---
name: book--patterns-of-enterprise-application-architecture--nano
description: >-
  PoEAA (Martin Fowler) — Minimal rules — essential one-liners only. Use when asked to apply PoEAA principles or review code against PoEAA standards.
origin: "github.com/ciembor/agent-rules-books (MIT)"
license: MIT
version: "1.0.0"
compatibility: "yamtam-engine >= 0.14.0"
---

# OBEY Patterns of Enterprise Application Architecture by Martin Fowler

## When to use

Use as a compact always-on compass for enterprise application pattern choices.

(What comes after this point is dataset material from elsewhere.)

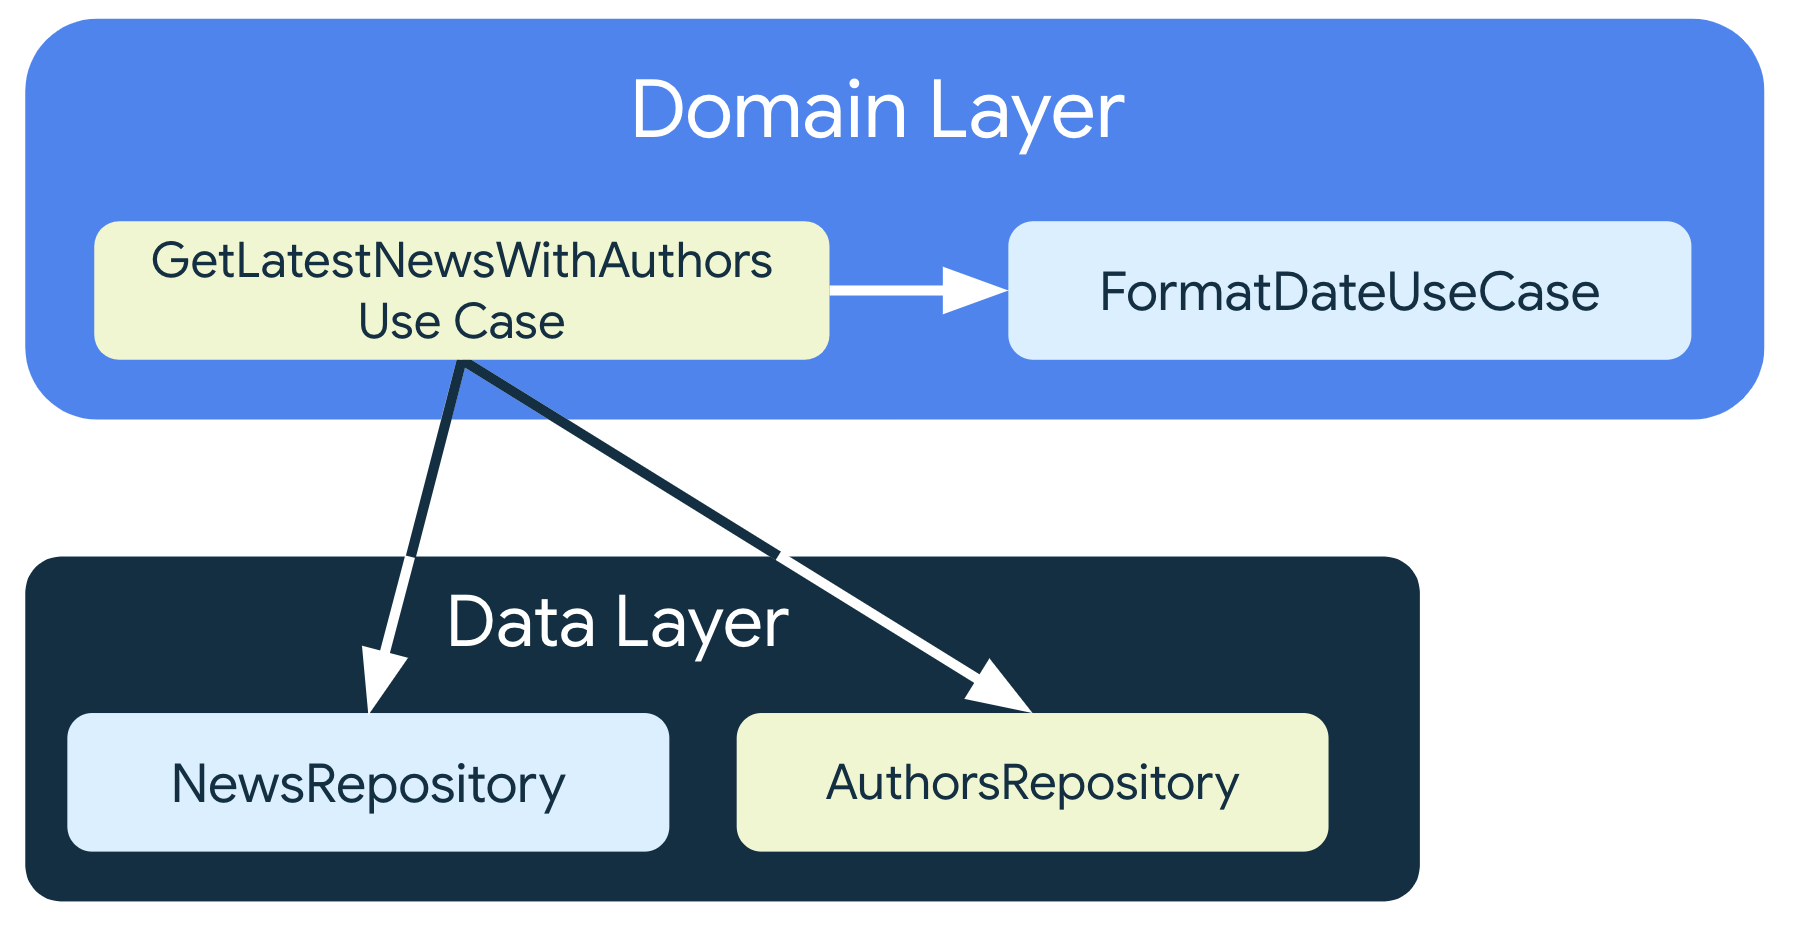 GetLatestNewsWithAuthorsUseCase 依附於資料層的存放區類別，但也依附於 FormatDataUseCase，這是同時屬於網域層的另一項用途類別。

## Primary bias to correct

Pattern reuse is not pattern choice. Make responsibilities, persistence, transactions, and remote boundaries explicit before naming a pattern.

## Decision rules

- Keep presentation/transport, application workflow, domain logic, data source interaction, transaction management, concurrency control, and integration boundaries logically separate.
- Choose the business logic pattern by complexity: Transaction Script for simple independent flows, Table Module for table-centered set logic, and Domain Model for rich behavior, invariants, identity, or lifecycle.
- Use Service Layer for use-case coordination and transaction orchestration without turning it into the default home for all domain behavior.
- Match persistence to coupling pressure: Repository/Data Mapper for domain separation, Gateway for record or table access, and Active Record only for simple persistence-coupled domains.
- Make Unit of Work, Identity Map, Lazy Load, transaction boundaries, and lock semantics visible before trusting ORM behavior.
- Keep presentation, DTOs, integration messages, vendor payloads, and serialization code free of business behavior.
- Treat remote boundaries as expensive and failure-prone: use coarse Remote Facade operations, DTO translation, explicit versioning, and partial-failure handling.
- Use session-state and base patterns only for concrete pressure; avoid fake layers, generic repositories, ORM-driven design, controller-centric workflows, and distributed-object illusions.

## Trigger rules

- If one class or layer owns UI, workflow, domain rules, SQL, transactions, and external calls, split responsibility before adding more patterns.
- If a simple Transaction Script grows duplication, invariants, or lifecycle decisions, revisit Domain Model and persistence pattern together.
- If repositories are table-shaped CRUD, models mirror tables in behavior-rich areas, or services only forward calls, check whether the database or ORM has captured the design.
- If lazy loading, duplicate identities, hidden writes, N+1 behavior, ad hoc saves, or unclear locks appear, define identity scope, Unit of Work, loading, and concurrency semantics explicitly.
- If a remote API is chatty, object-shaped, or leaks domain internals, redesign it as a coarse use-case boundary with DTO translation.

## Final checklist

- Right business logic and persistence pattern for actual complexity?
- Explicit layer, transaction, identity, loading, lock, session, and integration ownership?
- Business rules kept out of UI, DTOs, integration, and serialization?
- Remote boundary coarse, translated, version-aware, and failure-aware?